We have to be so careful with money now (again), watch what food we buy, how much petrol we use (hubby got a lift with friends to a BBQ because we couldn’t afford the petrol if I went with him and took our own car – the fact that I am still not 100% was  also a life saver), how much I put on the  bills each week has to be carefully planned out and in the end – I hate having money troubles.  I am not doing well with it.  I am not coping with this.  I am not able to stop crying because all I am worried about it money and how fucked I am making our lives because I can’t seem to get another job that pays more than a fucking apprentice. Yup, I could earn more as a 4th year apprentice…how the mighty have fallen considering I was earning over 55K a year ago – I am now earning less than 25k…and by less – I mean I am under 22k but was trying to make it sound better……

Yeah  that sounds even worse when I type it like that actually……I am going to have more ice-cream……

Anger management

I have been writing very little still as most of it is not publishable in my eyes.

I have been doing badly with the anger management the last few days (perhaps a week). I have been feeling snappy and irritable, I have advised hubby and anyone around me at the time – and I have made a concerted effort to not let it get the better of me as I am at least now aware of it…but it is just so frustrating to be constantly battling with things that are making me stressed enough to feel snappy.

I know my work is a major part in that – as much as I love my father, he has a temper like a wounded bull and I am not used to working in an environment where people yell constantly about everything  – I hated my old job – everyone knows that – but compared to this – it was a relative heaven of peace and quiet.

I have basically been told to work 4 days a week – one day as unpaid – and so that has dropped our income even further below what we need to live.  They basically can’t afford to pay me – and I am by no means earning all that much…this is also weighing on my mind as I seem incapable of finding other employment to bring our income back up to a more managable level.  I seriously just want to cry – but can’t because I want to be strong and put the brave face that everything is ok and that I have it much better than a large percentage of the population….but…let’s face it…this is my reality and I have to deal with the fact that we are sort of screwed financially because I am  unemployable.

We are heading to Tassie tomorrow and I am not sure we should really be going as we are cutting it fine with money, but no refunds are available.  I had forgotten in all my calculations we needed to get the car serviced as it was almost 7k over (especially before travelling around Tassie) and that chopped $550 out of our budget for the trip.

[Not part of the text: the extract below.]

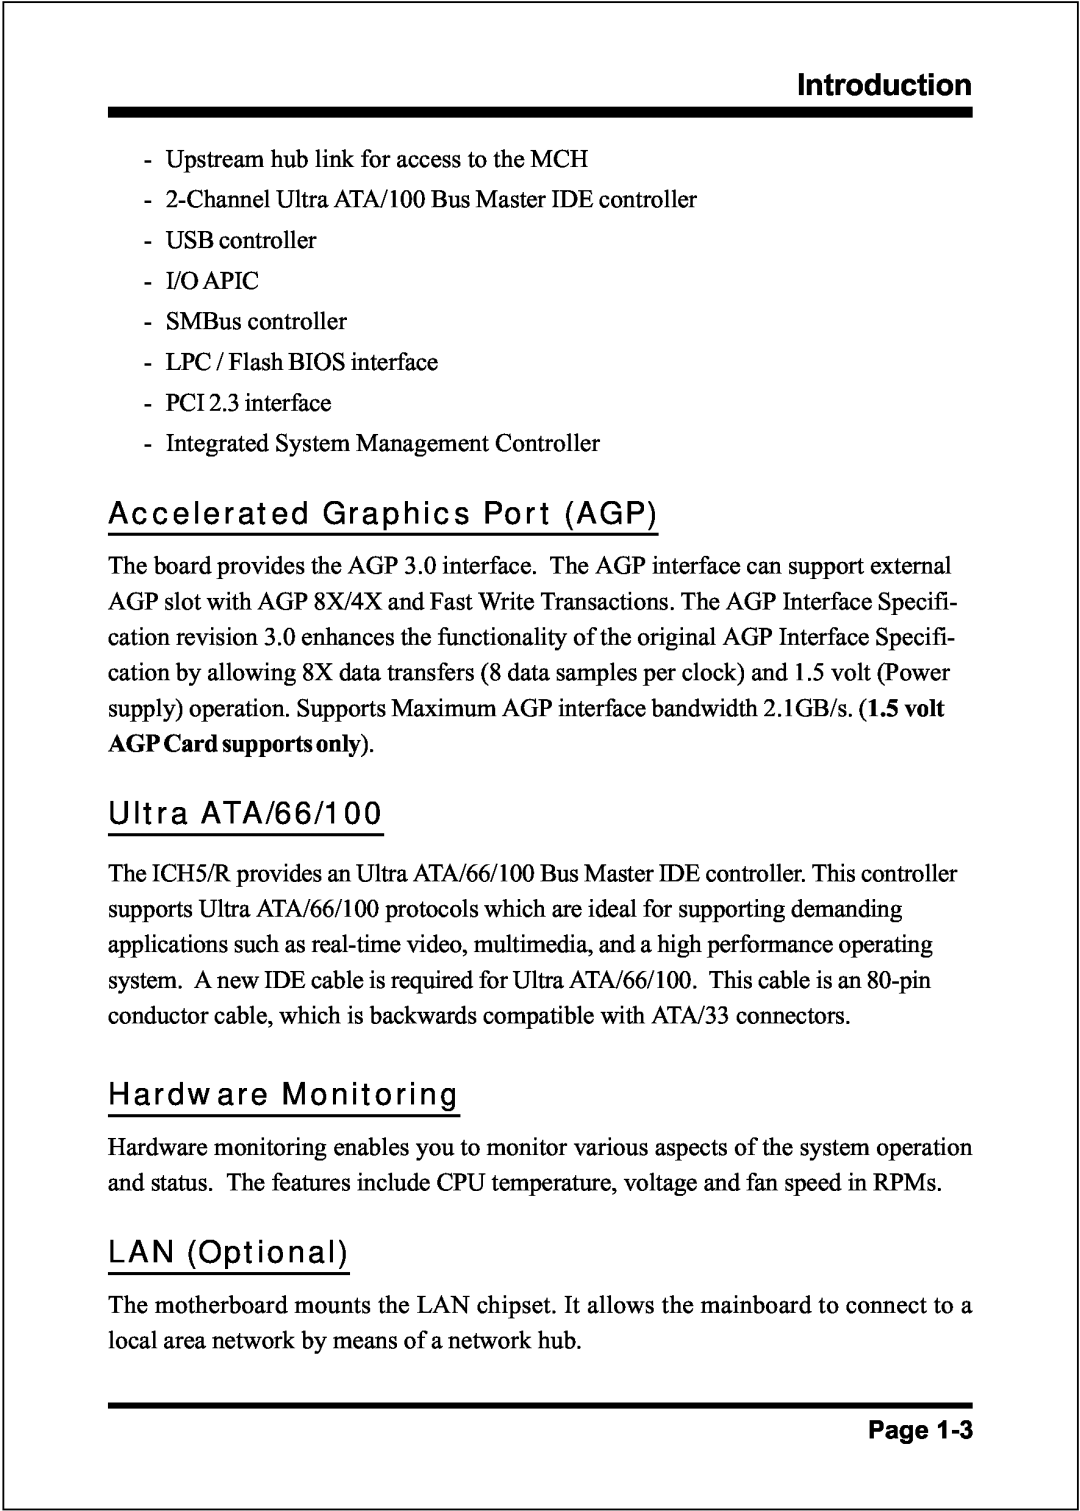 Intel DDR266 (PC2100) Accelerated Graphics Port AGP, Ultra ATA/66/100, Hardware Monitoring, LAN Optional, Introduction 
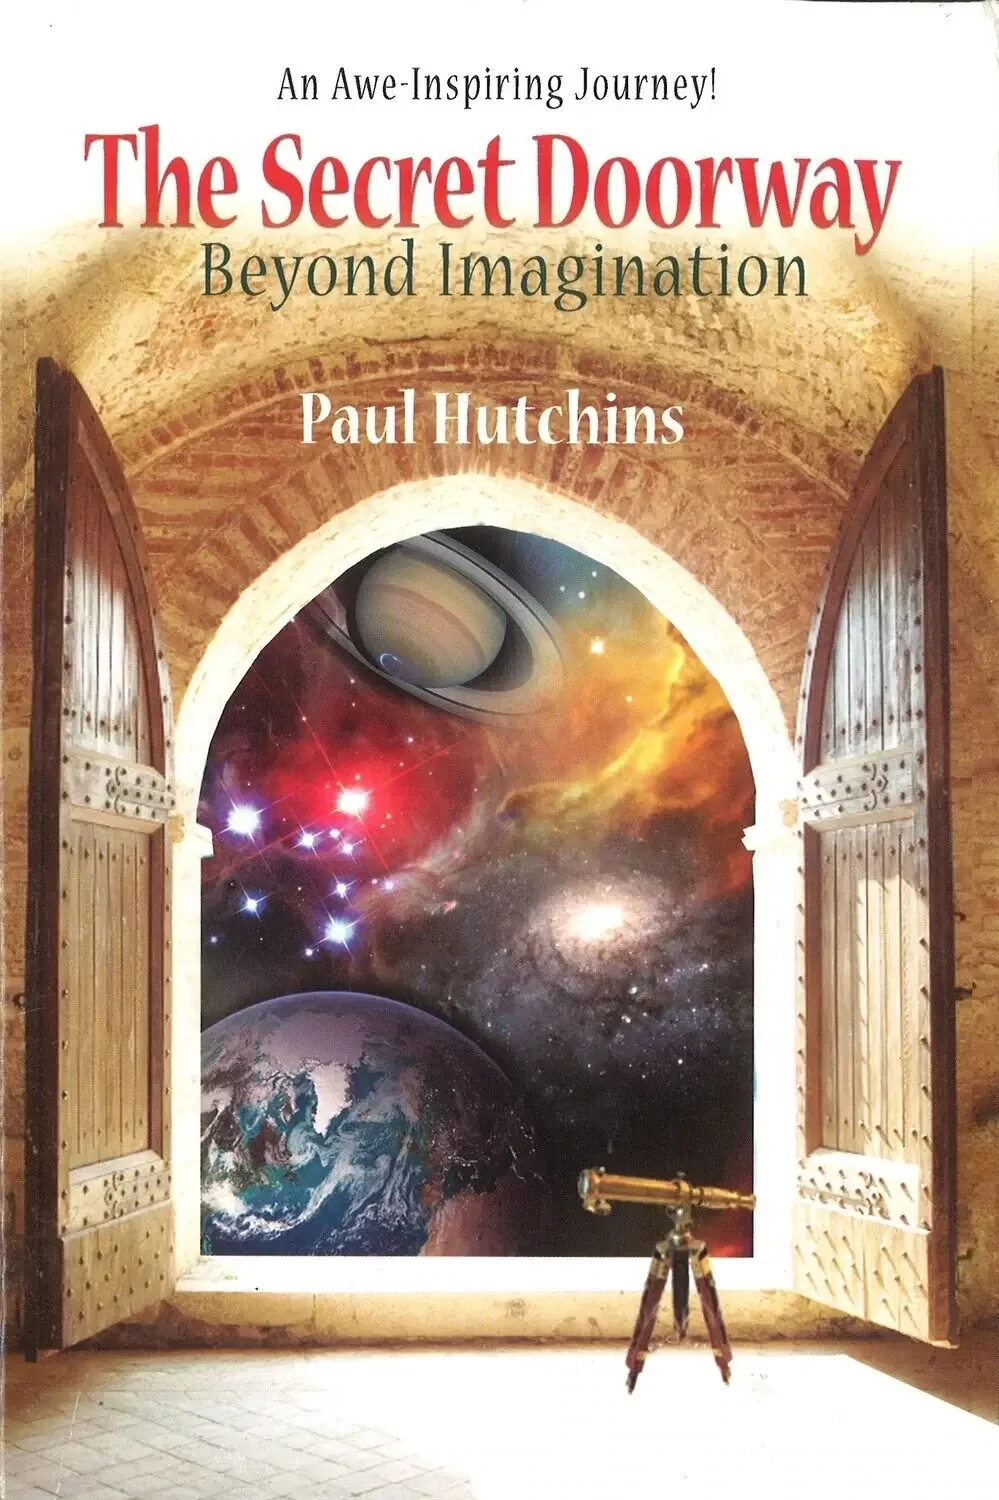 The Secret Doorway: Beyond Imagination, Paul Hutchins

I have asked hubby to write a post about the changes he has seen in me and my anger management so I can have an objective view.  He has sort of agreed but not really yet…so I will have to pin him down on that 😀

I want to get into exercise, but I am so physically and mentally drained from work that I don’t have anything left when I get home. Viscious cycle.

I really can’t be bothered writing any more as it just makes me depressed.  So I am going to stop here before the tears start and can’t be stopped.